In "Mathematical Methods for Physics and Engineering" by Riley, Hobson, and Bence, in the chapter on group theory, the order of the element $X$ in the finite group $G$ is the number $m$ such that $X^m=I$; thus, the order of the identity is always $1$. A cyclic group is then defined as a group generated from a single element $X$, i.e.,
$$G=\{I,X,X^2,X^3,\dots,X^{g-1}\},$$
where $g$ is the order of the group. They then write that
It is clear that cyclic groups are always Abelian and that each element, apart
from the identity, has order g, the order of the group itself.
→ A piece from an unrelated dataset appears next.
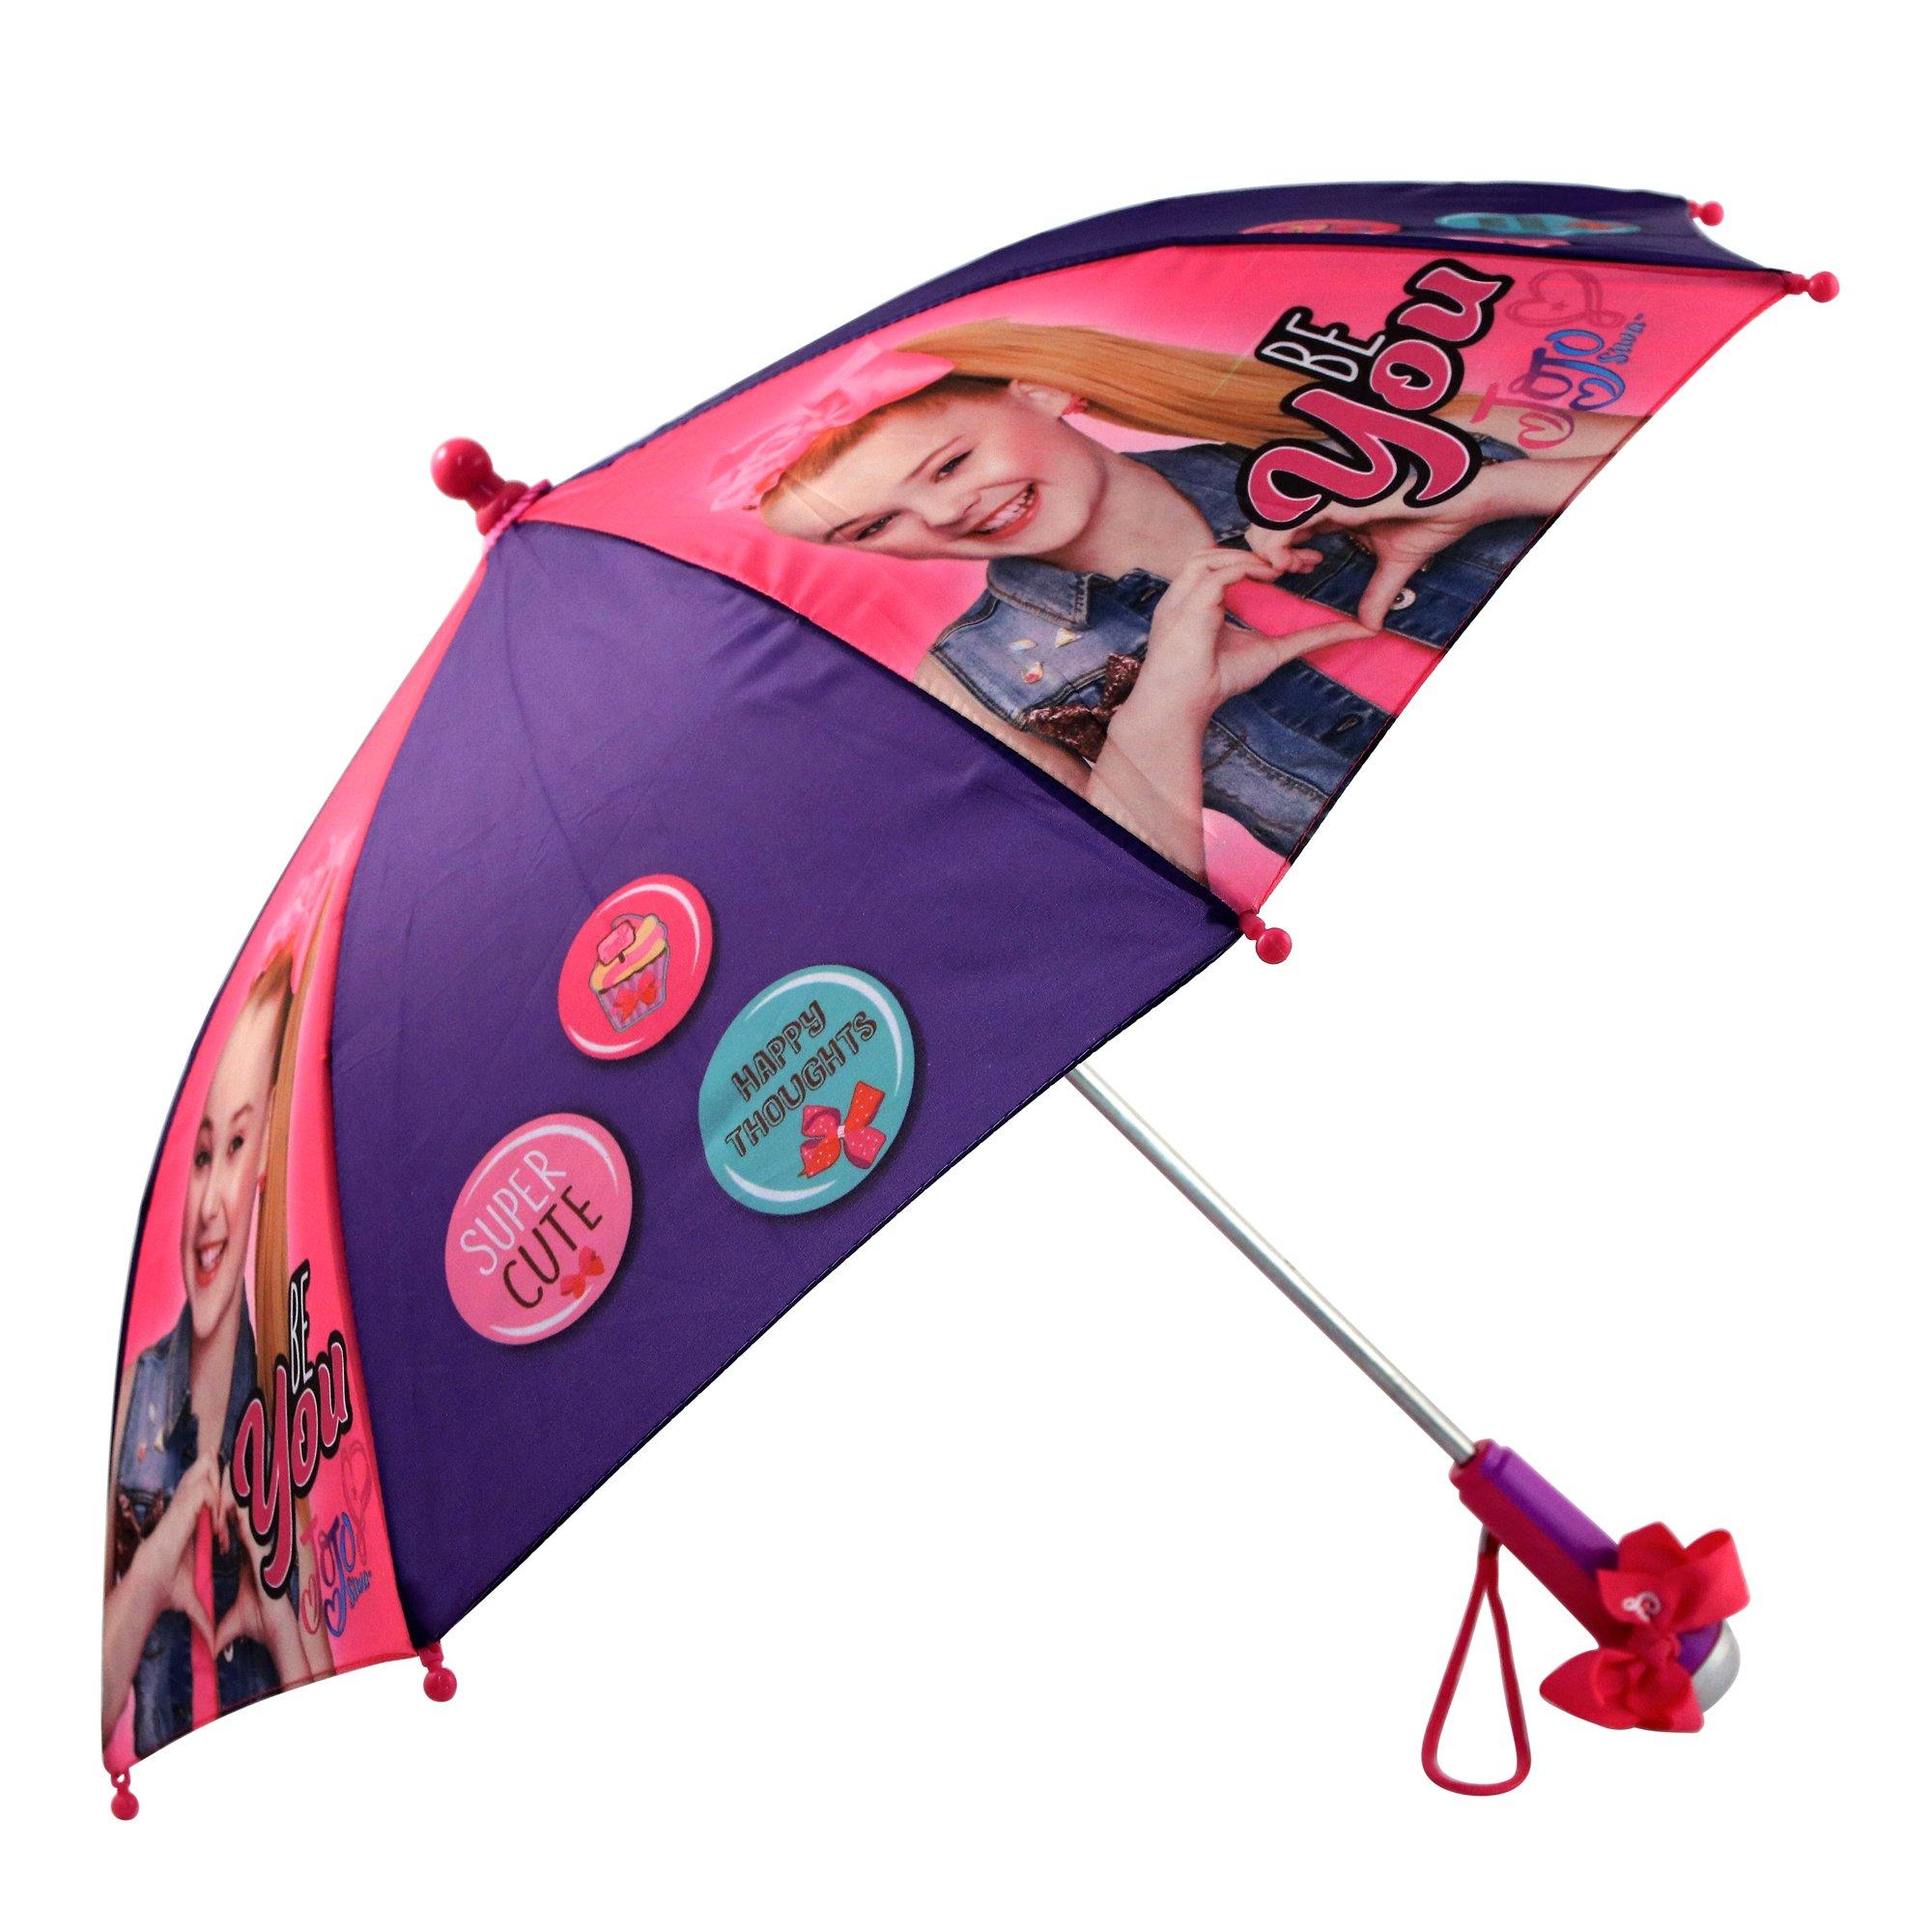 Nickelodeon Little Girls' Jojo Siwa Rainwear Character Umbrella, Purple/Pink, Age 3-7 by Nickelodeon (Image #1)

I don't see why the second statement is true; for example, when $g=4$, then the element $X^2$ should have order $2$. Am I wrong?
Update: I reached out to the first author and he said that this error was corrected in the $18$th reprint of the $3$rd edition (I was looking at the $2$nd edition).
Best Answer
You are right.
The main problem is in the given definition of order. In fact, the order $|a|\in\Bbb N$ of an element $a$ in a group is the smallest positive integer such that $a^{|a|}=e$.
Consider the cyclic group $\Bbb Z_6$ of six elements. Let $X$ be a generator. Then $X^2$ has order three and $X^3$ has order two.